Phototransduction: ON and OFF Pathways

• Retinal ganglion cells send information from the retina to the cortex.

• Activation of a single cone activates two bipolar cells and two retinal ganglion cells.

• Photoreceptors constantly provide information via retinal ganglion cells: "yes, light is hitting me" or "no, light is not hitting me."

OFF Pathway: "No, I do Not Have Any Light Hitting Me"

• No light → relative depolarization of the photoreceptor (-35mV).

• Graded potentials are generated, resulting in glutamate release.

• Glutamate activates the OFF bipolar cell and inhibits the ON bipolar cell.

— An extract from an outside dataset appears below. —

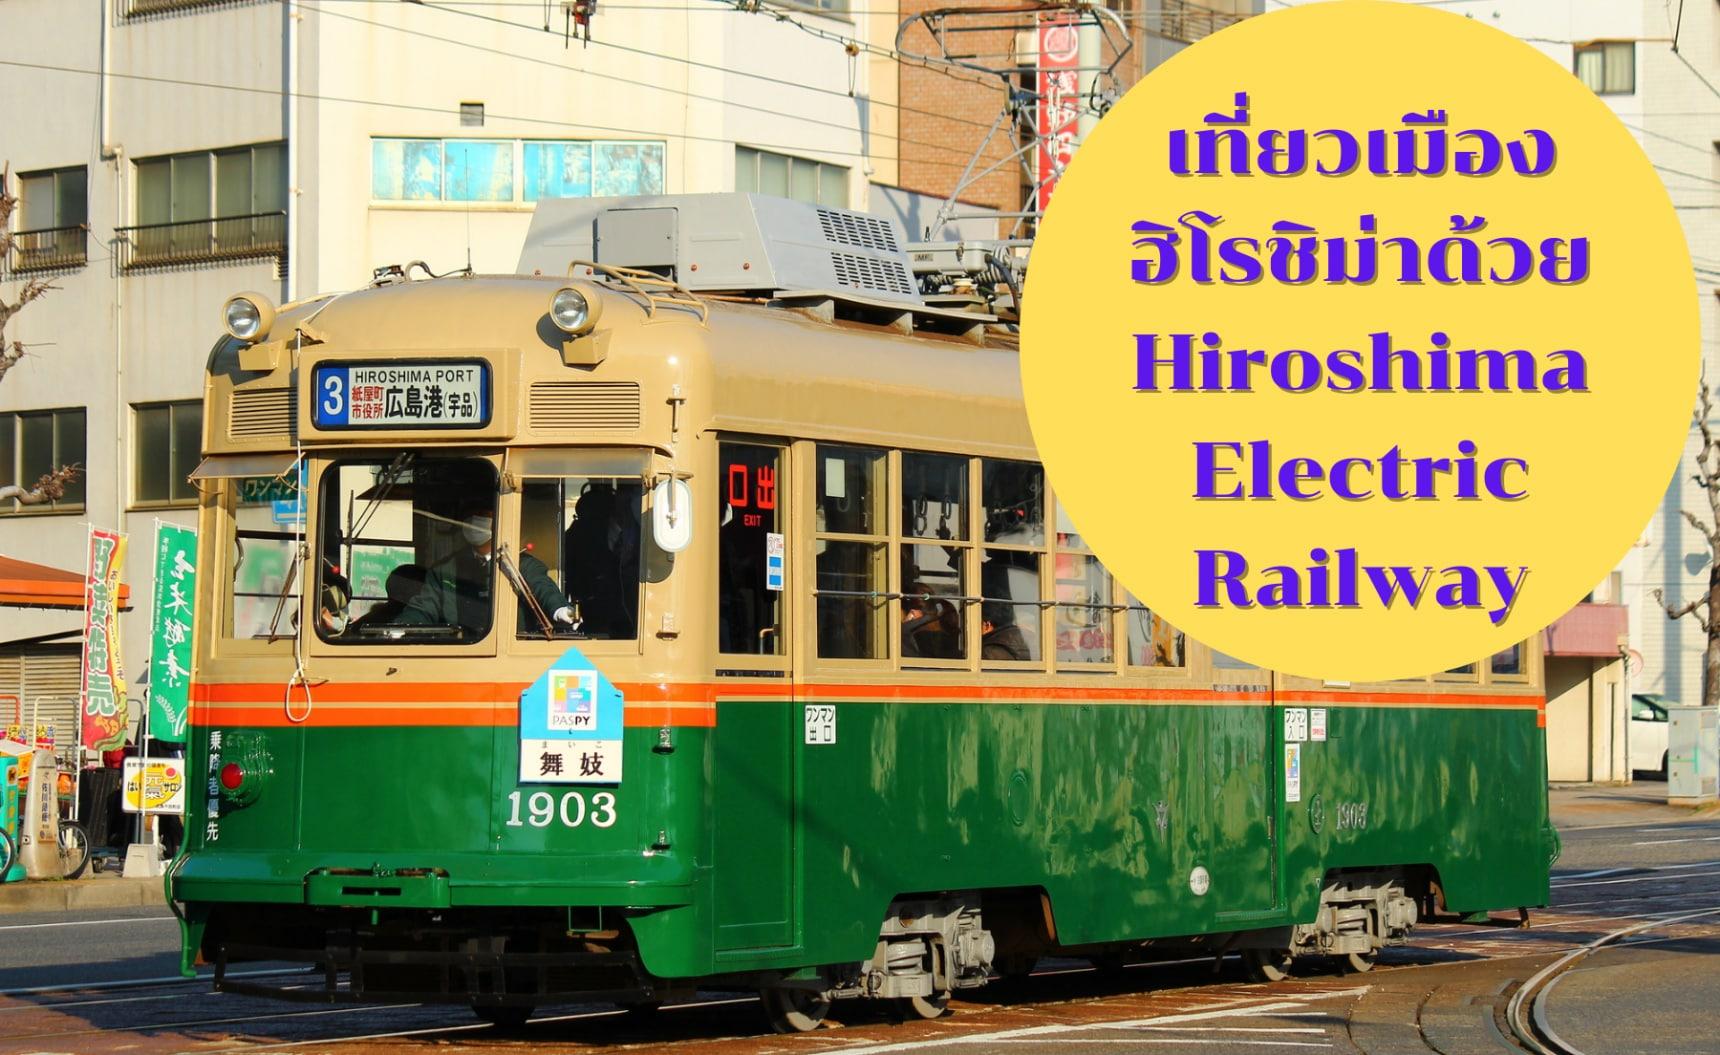 เที่ยวบนเส้นทางรถไฟ Hiroshima Electric Railway

• OFF bipolar cell activation leads to glutamate release onto the OFF retinal ganglion cell → action potential generated in the OFF retinal ganglion cell.

• No action potential is generated in the ON retinal ganglion cell because it's inhibited.

ON Pathway: "Yes, I Have Light Hitting Me"

• Light present → relative hyperpolarization of the photoreceptor.

• cGMP is broken down by cGMP phosphodiesterase.

• Little glutamate is released; the OFF pathway is not activated.

• Reduced glutamate release causes the ON bipolar cell to be released from inhibition.

• ON bipolar cell is activated → glutamate release from the ON bipolar cell activates the ON retinal ganglion cell → action potential generated in the retinal ganglion cell.